Soll auch künftig die Selbstanzeige einen Anreiz zur Rückkehr in die Steuerehrlichkeit bieten, dürfen die Anforderungen an den Steuerpflichtigen nicht überspannt werden. 3) Vorverlegung der Sperrwirkung für Selbstanzeigen Der DStV steht dem weiteren Vorschlag der Bundesregierung in der vorbezeichneten BT- Drucksache grundsätzlich aufgeschlossen gegenüber. In der Tat verlangt der Charakter der Strafbefreiung des 371 AO als Ausnahmevorschrift eine restriktive Anwendung, so ausdrücklich BGH v. 20.5.2010. In diesem Sinne ist das Abstellen auf das Zustellen einer Prüfungsanordnung bei Steuerpflichtigen als Zeitpunkt des Eingreifens des 371 Abs. 1 Nr. 1 a) AO überlegenswert. Im Übrigen erlauben wir uns auch hier den Hinweis, dass der BGH in dem genannten Beschluss vom 20.5. d. J. die Sperrgründe des 371 Abs. 2 AO gegenüber seiner bisherigen Auslegung deutlich enger interpretiert. Der DStV regt daher an, diese neuere Rechtsprechung bei einer möglichen Überarbeitung des 371 Abs. 2 AO zu berücksichtigen. 4) Vorteilsabschöpfung Weiterhin sieht der vorgenannte Antrag der Regierungskoalition vor, dass der Steuerhinterzieher gegenüber den bloß säumigen Steuerpflichtigen nicht bevorteilt sein solle. Hiermit wird eine Anhebung der Hinterziehungszinsen des 235 AO gefordert. Nach der bisherigen Regelung werden die von dem Steuerpflichtigen hinterzogenen Steuern mit 0,5 % pro Monat verzinst; vgl. 235, 238 AO. Der säumige Steuerpflichtige muss hingegen Säumniszuschläge in Höhe von 1 % pro Monat entrichten; 240 AO. Säumniszuschläge fallen aber immer erst dann an, wenn ein entsprechender Steuerbescheid ergangen ist und der Steuerpflichtige die darin ausgewiesene Steuerschuld nicht zahlt. Der Vorwurf der Steuerhinterziehung besteht jedoch demgegenüber in dem Nichterklären der Einnahmen. Dies führt dazu, dass entsprechende (Hinterziehungs-) Zinsen anfallen. Eine zusätzliche Belastung soll nach dem System der Abgabenordnung nur dann eintreten, wenn Steuern festgesetzt worden sind, dann jedoch nicht bezahlt werden.
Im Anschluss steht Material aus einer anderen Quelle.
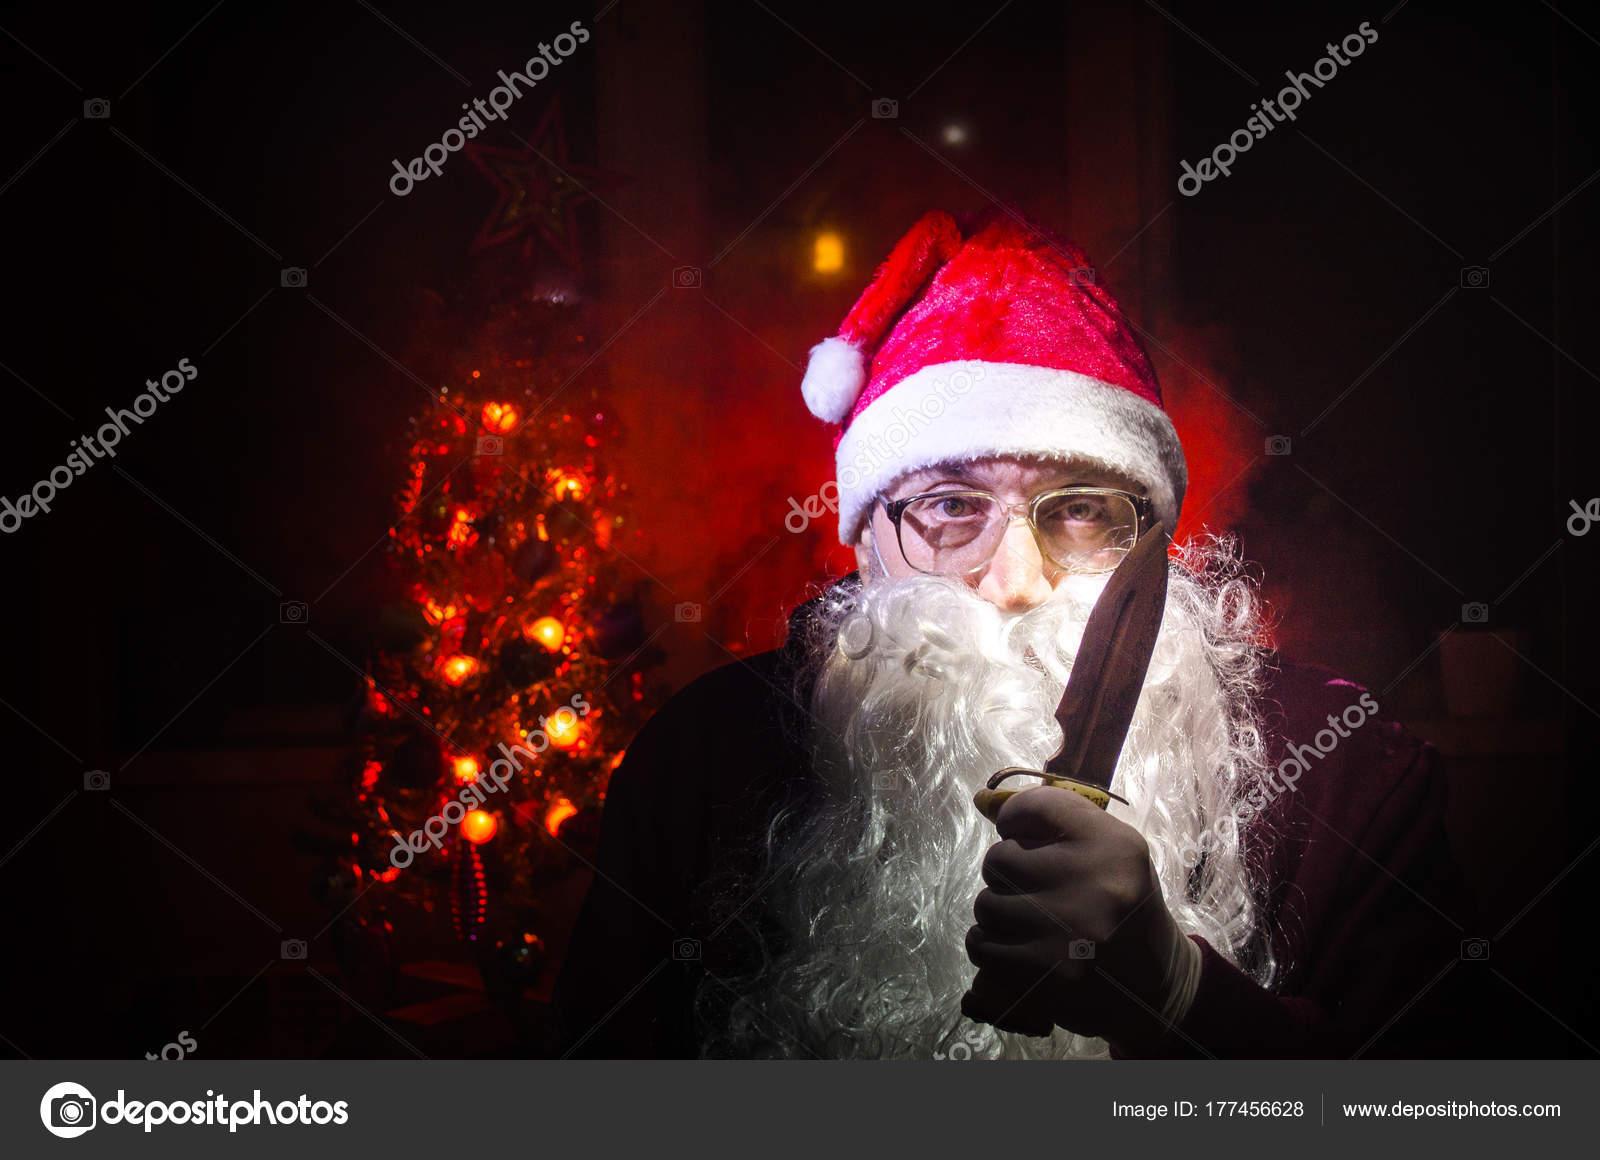 Babbo Natale Assassino.Babbo Natale Assassino Campobassopellicce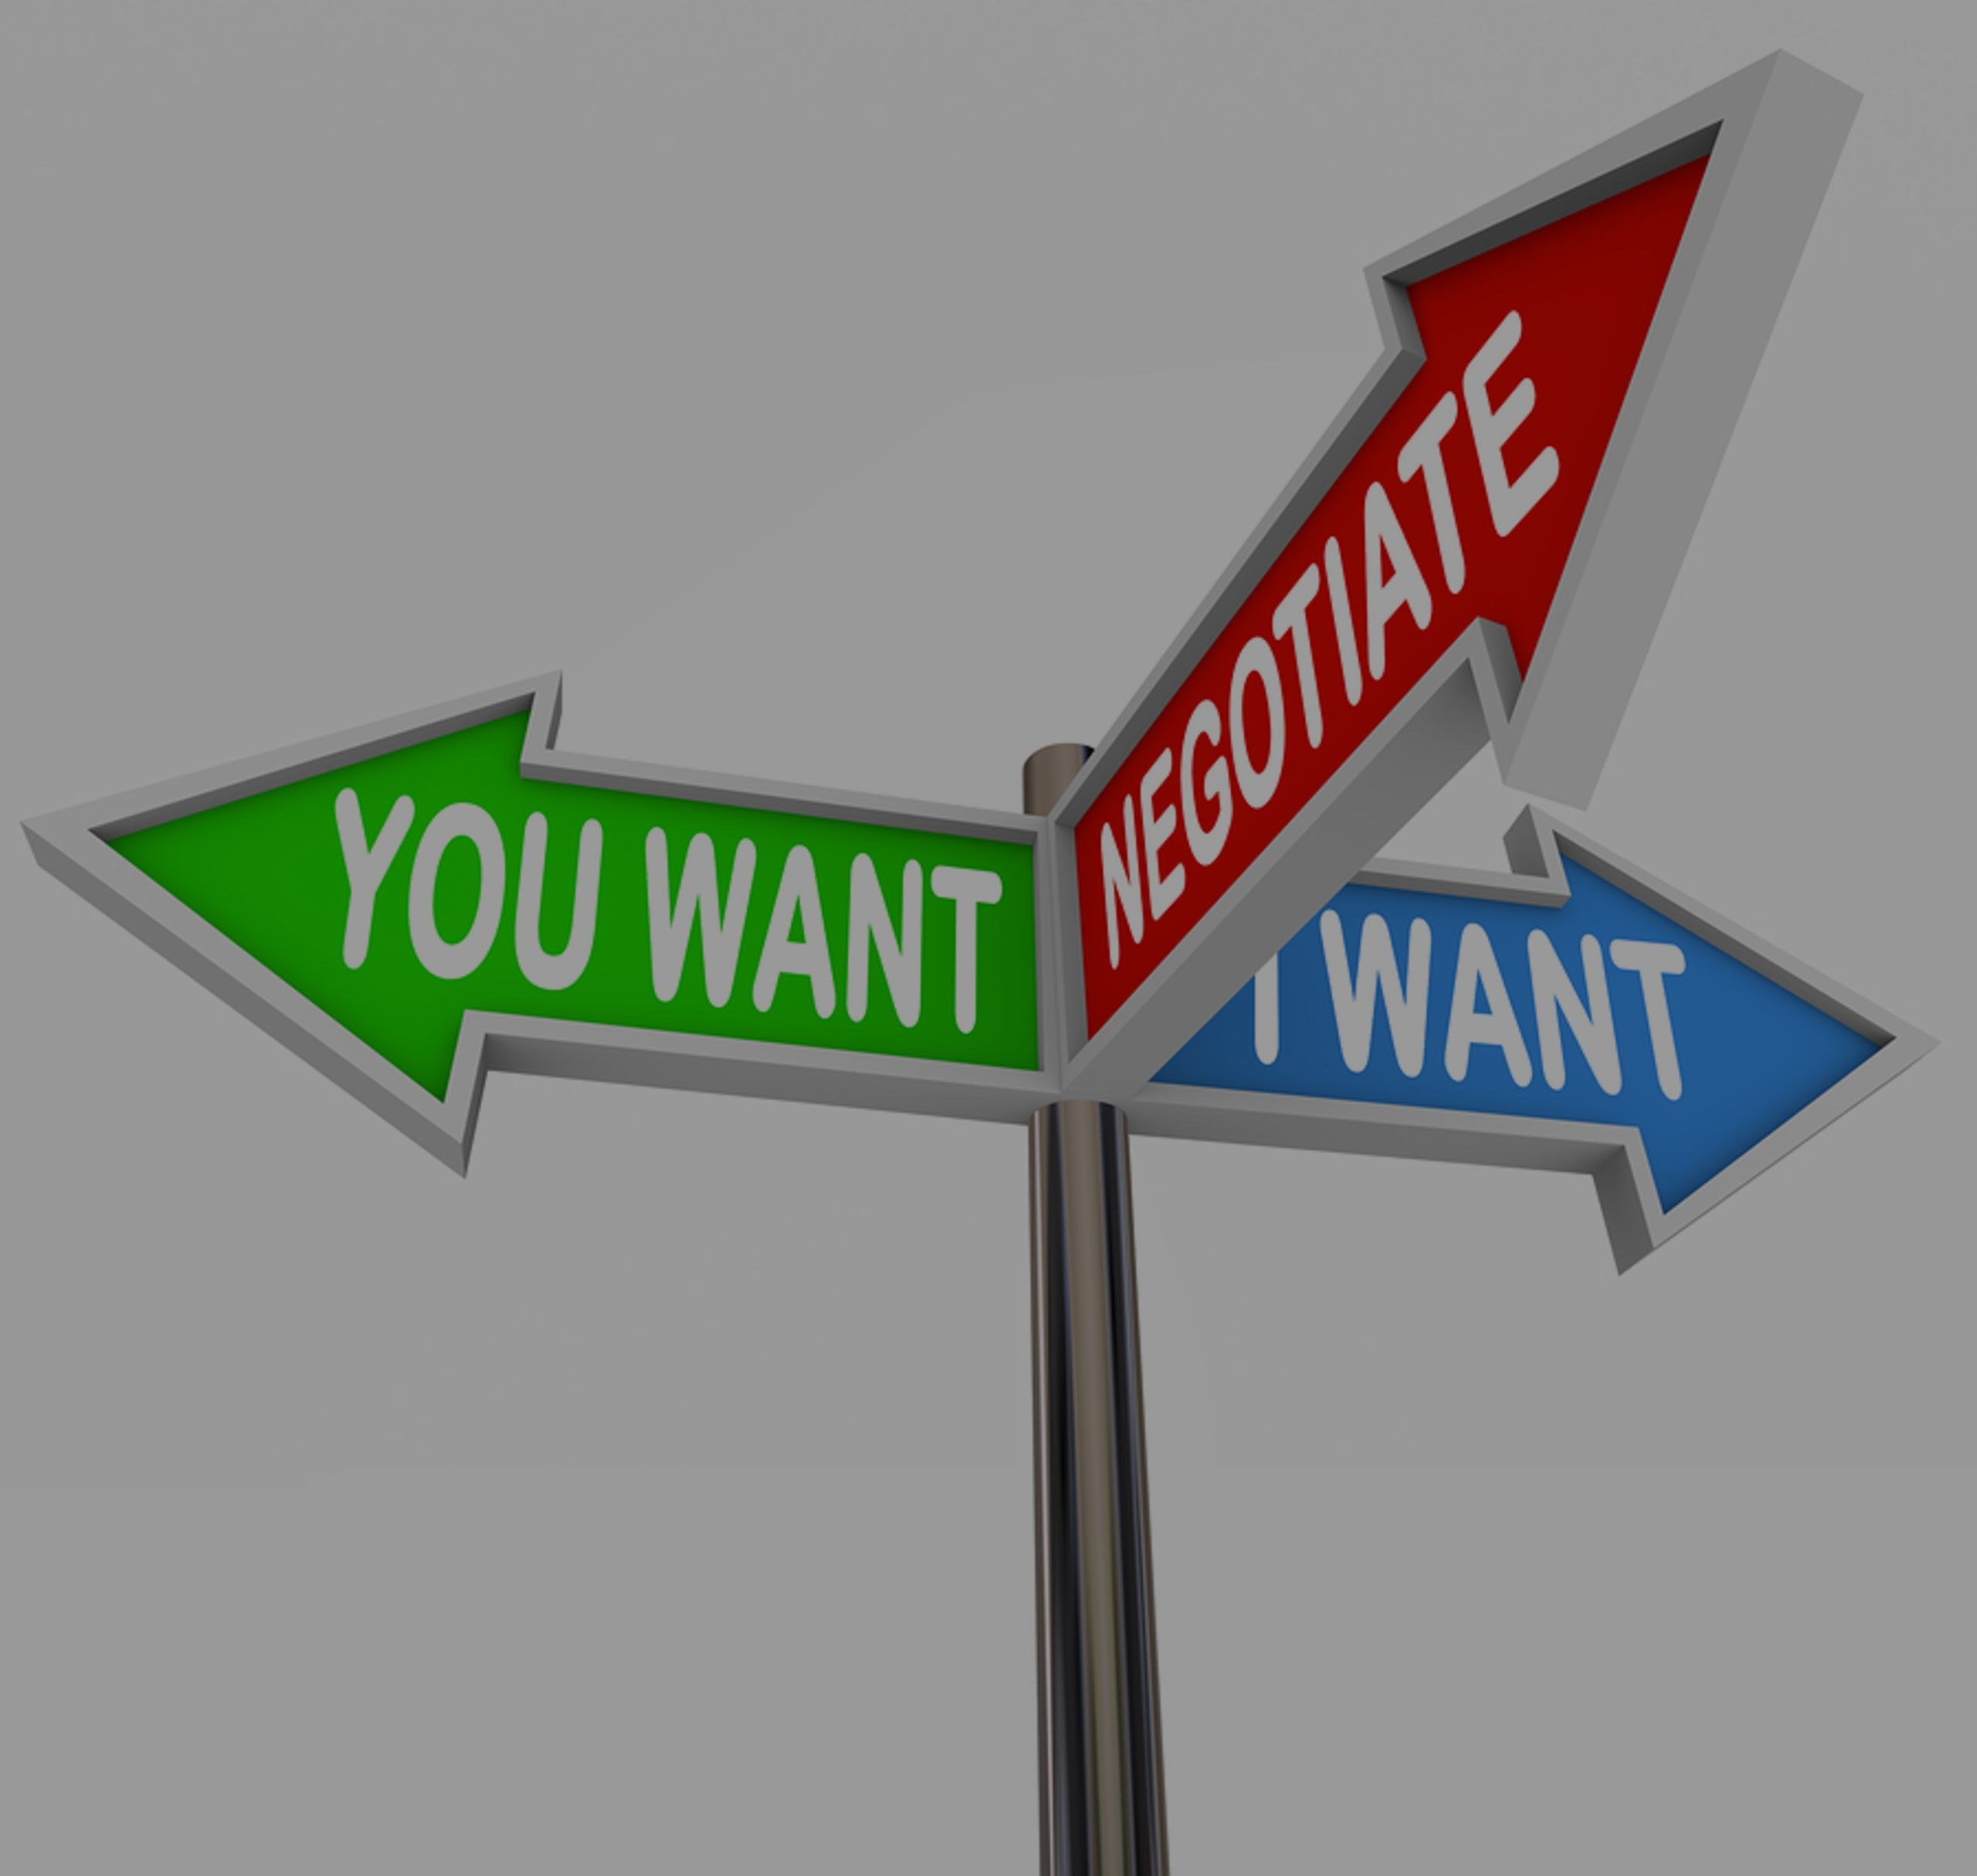 5 BUYER TIPS TO SUCCEED IN NEGOTIATIONS

Sinn und Zweck des Säumniszuschlages ist es, den Steuerpflichtigen zur pünktlichen Zahlung anzuhalten. Die Belastung des Steuerhinterziehers bereits von vornherein mit 12 Prozent Zinsen p. a. würde demnach einen Systembruch innerhalb der Abgabenordnung darstellen. Es besteht aus Sicht des DStV auch kein Bedürfnis dafür, höhere Zinsen anzusetzen, weil bereits durch die

Hinterziehungszinsen der Nachteil durch die verspätete Festsetzung abgegolten wird. Ferner würde eine derartige Regelung die Anreizfunktion der Straffreiheit deutlich reduzieren. Der Vorschlag ist daher abzulehnen. B. Steuerhinterziehung wirksam bekämpfen Der DStV unterstützt seit jeher Maßnahmen, die die Steuerhinterziehung wirksam bekämpfen. Wir bekräftigen die Ansicht, dass Steuerhinterziehung als ein die Allgemeinheit schädigendes Delikt wirksam bekämpft und geahndet werden muss. Die ergriffenen Maßnahmen müssen jedoch rechtsstaatlichen Anforderungen genügen und insbesondere auch mit europarechtlichen Vorgaben im Einklang stehen. Aufgrund der Tatsache, dass Steuerhinterziehungsdelikte häufig grenzüberschreitender Natur sind, versprechen nationale Alleingänge keinen nachhaltigen Erfolg. Auf der anderen Seite schaden sie vielmehr dem Wirtschaftsstandort Deutschland und gefährden Arbeitsplätze im Inland. Um hier nachhaltige Erfolge zu erzielen, sind international abgestimmte Vorgehensweisen notwendig. Die insbesondere in letzter Zeit geschlossen bilateralen Übereinkommen über einen Informationsaustausch in Steuersachen sind der richtige Weg. In diesem Zusammenhang ist auf das BMF-Schreiben vom 5.1.2010 hinzuweisen, nach dem kein Gebiet oder Staat als unkooperativ im Sinne der Steuerhinterziehungsbekämpfungsverordnung qualifiziert ist. Ein weiterer wirksamer Beitrag für eine Bekämpfung der Steuerhinterziehung wäre die Einführung zeitnaher Betriebsprüfungen. Die Finanzverwaltung würde hiermit in die Lage versetzt, kurzfristig Missstände aufzudecken und die steuerlichen Konsequenzen zu ziehen. Gleichzeitig hätte eine zeitnahe Betriebsprüfung für Steuerpflichtige den Vorteil, in angemessener Frist durch eine abschließende Überprüfung Rechtssicherheit zu erlangen.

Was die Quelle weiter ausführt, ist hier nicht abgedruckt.